COD vs BOD₅ vs TOC — Three Different Measurements

  • COD: CHEMICALLY oxidizable matter via dichromate. Includes organics + reduced inorganics (sulfide, ferrous, nitrite). 2-h analysis. mg O₂/L.
  • BOD₅: BIOLOGICALLY oxidizable matter via 5-day microbial respiration test. Includes only biodegradable organics. 5-day analysis. mg O₂/L.
  • TOC: Total Organic Carbon by combustion / NDIR detection. Direct organic carbon mass. ~10-min analysis. mg C/L.
  • Typical relationships (municipal wastewater): BOD₅ / COD ≈ 0.4-0.6; COD / TOC ≈ 3 (by mass). High COD/BOD₅ ratio (> 3) signals non-biodegradable or toxic organics.
Real-World Example

Worked Example — Compute COD for Mid-Range Wastewater

Scenario. A municipal wastewater plant operator samples raw influent. Sample volume V = 2.0 mL. Standardized FAS at 0.100 N. Blank titration: A = 10.10 mL FAS to ferroin endpoint. Sample titration: B = 6.40 mL FAS.

Step 1 — Compute the titration difference.

  • (A − B) = 10.10 − 6.40 = 3.70 mL.
  • This is the volume of FAS NOT consumed by sample-side dichromate — equivalent to the dichromate that the sample reduced.

Step 2 — Apply the COD formula.

  • COD = (A − B) × N × 8000 / V_sample
  • COD = 3.70 × 0.100 × 8000 / 2.0
  • COD = 2960 / 2.0 = 1480 mg O₂/L.

Step 3 — Classification.

  • 1480 mg O₂/L falls in the 500-1500 mg/L band → Raw municipal wastewater (high end).
  • This is at the upper limit of typical municipal influent — likely indicates concentrated industrial discharge mixed in (food processing, brewery, pharmaceutical) or wet-weather first-flush.

Step 4 — QC Cross-Check (run a KHP standard alongside).

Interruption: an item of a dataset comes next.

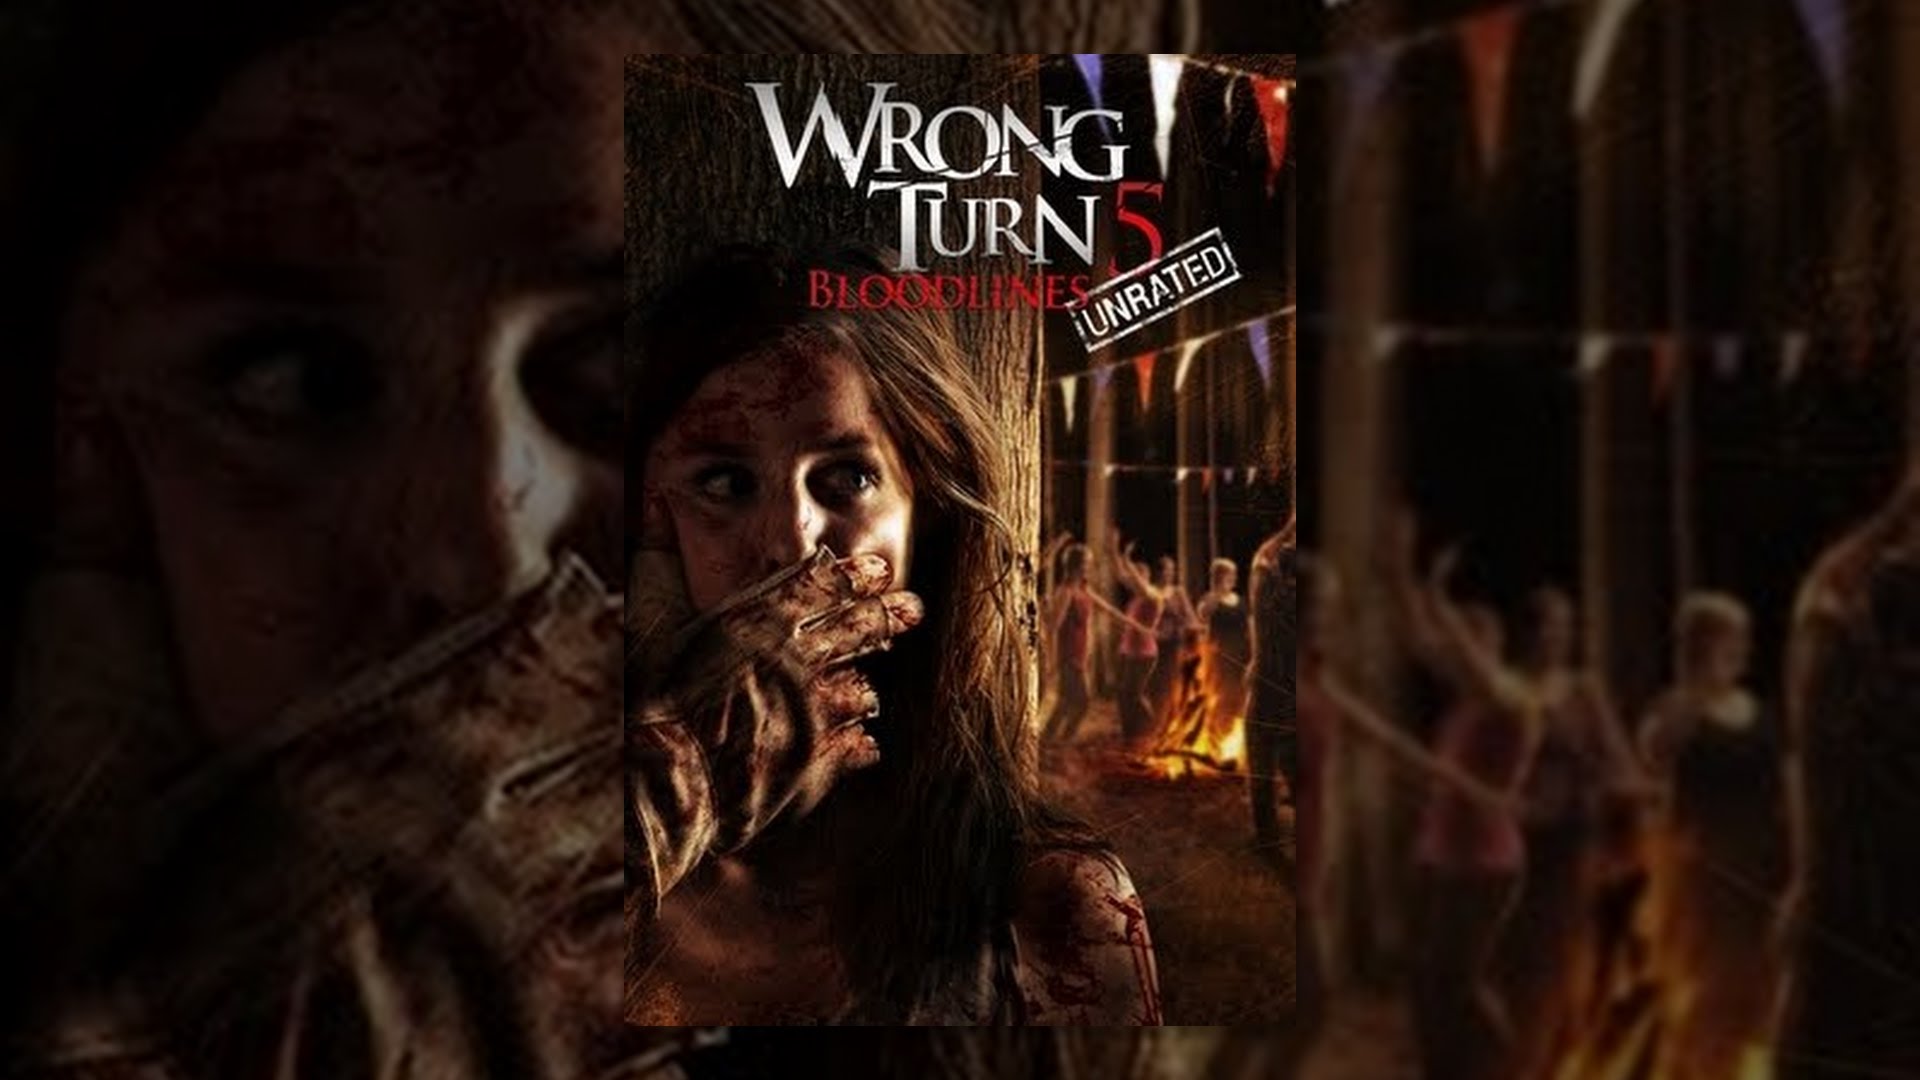 Wrong Turn 5: Bloodlines (Unrated) - YouTube1920 x 1080

  • 500 mg/L KHP standard. Theoretical COD = 500 × 1.176 = 588 mg O₂/L.
  • Suppose KHP titration gives (A − B) = 1.47 mL with same N, V: COD = 1.47 × 0.10 × 8000 / 2.0 = 588 mg/L.
  • Recovery = 588 / 588 = 100% — analytical method is in control.

Step 5 — Reporting.

  • Report: COD = 1480 mg O₂/L (or 1.48 g/L) for sample collected on [date], analyzed by EPA Method 410.4 / SM 5220-D.
  • For loading reporting at 10 MGD flow: 1480 mg/L × 10 × 10⁶ gal/day × 8.345 × 10⁻⁶ lb/(mg·L⁻¹·gal) = 123,500 lb COD/day.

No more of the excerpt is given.